> _Records for the task_:

════════

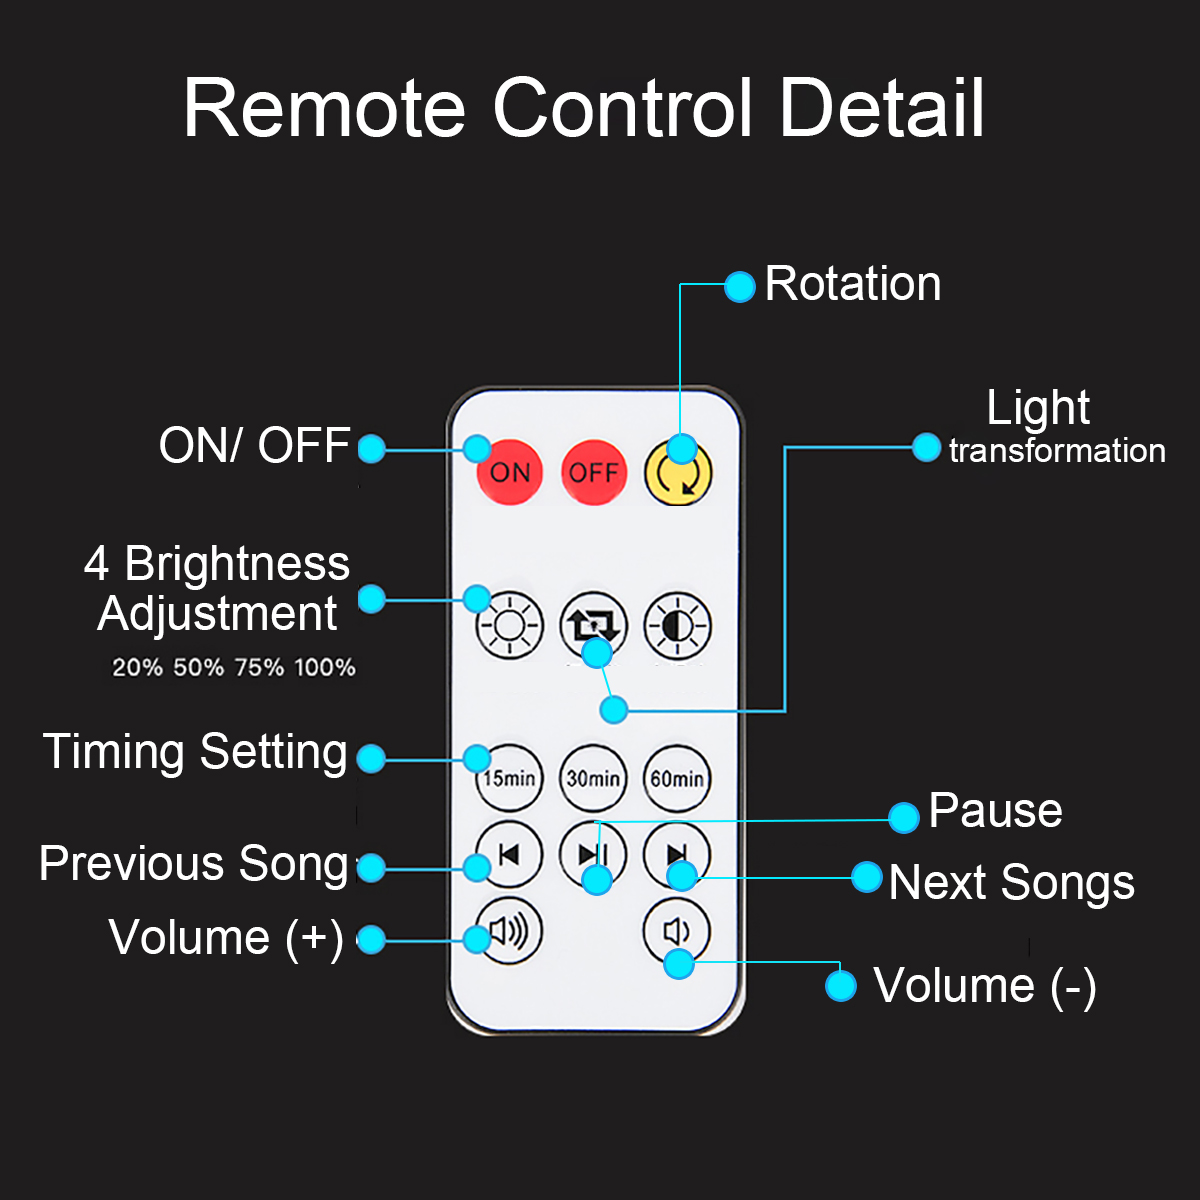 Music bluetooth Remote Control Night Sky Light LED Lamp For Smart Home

════════

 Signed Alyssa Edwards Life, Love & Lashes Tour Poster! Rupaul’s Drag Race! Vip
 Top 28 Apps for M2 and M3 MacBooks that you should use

════════

> _What this task involves_: Please give an exact copy of the entries above, from the line with "Signed Alyssa Edwards" down to the line with "Top 28 Apps", inclusive, and nothing else.

> _Expected answer_:
 Signed Alyssa Edwards Life, Love & Lashes Tour Poster! Rupaul’s Drag Race! Vip
 Top 28 Apps for M2 and M3 MacBooks that you should use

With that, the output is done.